Excerpted data:
▽
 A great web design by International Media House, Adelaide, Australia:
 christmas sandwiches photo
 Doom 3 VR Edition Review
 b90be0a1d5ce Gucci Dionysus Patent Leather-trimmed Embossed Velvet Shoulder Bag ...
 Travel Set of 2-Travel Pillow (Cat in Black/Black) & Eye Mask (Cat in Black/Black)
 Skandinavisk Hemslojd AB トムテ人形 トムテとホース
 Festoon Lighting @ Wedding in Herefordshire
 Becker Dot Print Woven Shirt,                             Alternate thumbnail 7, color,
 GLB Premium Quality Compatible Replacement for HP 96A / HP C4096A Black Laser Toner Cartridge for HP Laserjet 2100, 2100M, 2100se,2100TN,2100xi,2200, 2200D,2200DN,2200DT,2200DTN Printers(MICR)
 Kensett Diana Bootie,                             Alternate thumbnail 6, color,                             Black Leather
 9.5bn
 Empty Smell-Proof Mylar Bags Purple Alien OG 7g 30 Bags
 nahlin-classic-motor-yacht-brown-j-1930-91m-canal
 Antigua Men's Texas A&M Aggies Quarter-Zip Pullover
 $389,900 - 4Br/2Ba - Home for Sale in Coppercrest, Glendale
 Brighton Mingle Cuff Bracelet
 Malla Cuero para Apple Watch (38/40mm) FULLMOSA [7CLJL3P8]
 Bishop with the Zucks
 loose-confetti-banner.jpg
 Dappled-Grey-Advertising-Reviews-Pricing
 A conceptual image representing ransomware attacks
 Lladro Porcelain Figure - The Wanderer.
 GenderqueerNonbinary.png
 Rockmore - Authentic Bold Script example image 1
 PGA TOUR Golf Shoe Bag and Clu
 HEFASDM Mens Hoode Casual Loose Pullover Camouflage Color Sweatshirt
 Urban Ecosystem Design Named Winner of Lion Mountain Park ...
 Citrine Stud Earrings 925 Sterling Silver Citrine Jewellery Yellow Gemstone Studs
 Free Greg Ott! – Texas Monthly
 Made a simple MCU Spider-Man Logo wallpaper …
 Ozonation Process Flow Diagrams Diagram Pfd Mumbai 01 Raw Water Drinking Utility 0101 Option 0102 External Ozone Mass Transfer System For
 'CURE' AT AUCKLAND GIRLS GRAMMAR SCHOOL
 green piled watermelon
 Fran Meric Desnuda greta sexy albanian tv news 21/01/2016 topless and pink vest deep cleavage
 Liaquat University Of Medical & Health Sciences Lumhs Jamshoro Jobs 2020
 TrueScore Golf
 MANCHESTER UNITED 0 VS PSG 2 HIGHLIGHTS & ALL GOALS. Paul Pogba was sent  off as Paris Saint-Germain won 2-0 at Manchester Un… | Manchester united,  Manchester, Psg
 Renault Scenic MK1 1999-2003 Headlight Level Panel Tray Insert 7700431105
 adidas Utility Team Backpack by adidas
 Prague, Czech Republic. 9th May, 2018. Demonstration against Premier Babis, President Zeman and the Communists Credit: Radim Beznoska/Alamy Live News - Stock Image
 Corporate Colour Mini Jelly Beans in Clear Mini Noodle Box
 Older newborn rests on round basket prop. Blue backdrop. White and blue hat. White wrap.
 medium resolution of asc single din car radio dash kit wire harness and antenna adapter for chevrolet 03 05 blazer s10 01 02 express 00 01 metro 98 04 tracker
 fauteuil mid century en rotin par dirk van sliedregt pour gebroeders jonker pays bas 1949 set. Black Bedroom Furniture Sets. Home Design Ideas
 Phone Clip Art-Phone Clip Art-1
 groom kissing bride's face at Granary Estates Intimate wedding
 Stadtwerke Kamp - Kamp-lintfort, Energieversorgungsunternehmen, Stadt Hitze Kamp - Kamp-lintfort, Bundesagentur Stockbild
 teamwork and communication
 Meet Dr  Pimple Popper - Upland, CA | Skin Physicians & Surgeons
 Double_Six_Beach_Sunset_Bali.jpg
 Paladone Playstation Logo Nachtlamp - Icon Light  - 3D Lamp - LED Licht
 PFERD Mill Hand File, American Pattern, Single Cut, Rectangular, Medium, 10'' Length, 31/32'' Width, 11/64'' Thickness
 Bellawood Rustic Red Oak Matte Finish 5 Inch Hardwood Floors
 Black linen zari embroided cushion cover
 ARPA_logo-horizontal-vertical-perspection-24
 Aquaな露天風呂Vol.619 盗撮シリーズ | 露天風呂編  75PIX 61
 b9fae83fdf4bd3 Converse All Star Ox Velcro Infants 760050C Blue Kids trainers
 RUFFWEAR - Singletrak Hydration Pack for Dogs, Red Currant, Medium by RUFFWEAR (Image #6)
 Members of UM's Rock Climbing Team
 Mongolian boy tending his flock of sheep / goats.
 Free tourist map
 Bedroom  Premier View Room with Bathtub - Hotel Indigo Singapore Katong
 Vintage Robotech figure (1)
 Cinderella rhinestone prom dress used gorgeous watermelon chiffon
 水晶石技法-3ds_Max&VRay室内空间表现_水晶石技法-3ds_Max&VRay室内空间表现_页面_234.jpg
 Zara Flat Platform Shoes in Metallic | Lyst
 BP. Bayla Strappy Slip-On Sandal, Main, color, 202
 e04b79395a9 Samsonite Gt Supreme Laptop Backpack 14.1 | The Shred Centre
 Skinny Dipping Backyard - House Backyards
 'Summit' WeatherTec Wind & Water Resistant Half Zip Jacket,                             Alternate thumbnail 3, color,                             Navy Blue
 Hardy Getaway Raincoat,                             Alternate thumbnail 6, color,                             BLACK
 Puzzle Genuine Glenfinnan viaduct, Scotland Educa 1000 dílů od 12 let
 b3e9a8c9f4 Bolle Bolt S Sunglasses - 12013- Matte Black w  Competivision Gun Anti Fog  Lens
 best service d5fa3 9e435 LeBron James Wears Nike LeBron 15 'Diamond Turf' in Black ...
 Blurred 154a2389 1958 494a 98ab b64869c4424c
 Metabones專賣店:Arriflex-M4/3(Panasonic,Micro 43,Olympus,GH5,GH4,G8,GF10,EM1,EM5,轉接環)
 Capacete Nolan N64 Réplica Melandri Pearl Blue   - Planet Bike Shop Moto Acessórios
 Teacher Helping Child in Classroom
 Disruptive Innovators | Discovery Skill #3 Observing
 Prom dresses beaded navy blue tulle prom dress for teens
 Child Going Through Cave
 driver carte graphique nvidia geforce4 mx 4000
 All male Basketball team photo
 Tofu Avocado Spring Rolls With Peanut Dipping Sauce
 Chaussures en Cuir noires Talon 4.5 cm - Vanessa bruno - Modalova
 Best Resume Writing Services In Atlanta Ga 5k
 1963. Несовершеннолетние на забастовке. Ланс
△
Prompt: In the listing above, transcribe exactly everything from the line containing "in Coppercrest, Glendale" down to the line containing "Dappled-Grey-Advertising-Reviews-Pricing", including both and nothing more.

Your solution:
 $389,900 - 4Br/2Ba - Home for Sale in Coppercrest, Glendale
 Brighton Mingle Cuff Bracelet
 Malla Cuero para Apple Watch (38/40mm) FULLMOSA [7CLJL3P8]
 Bishop with the Zucks
 loose-confetti-banner.jpg
 Dappled-Grey-Advertising-Reviews-Pricing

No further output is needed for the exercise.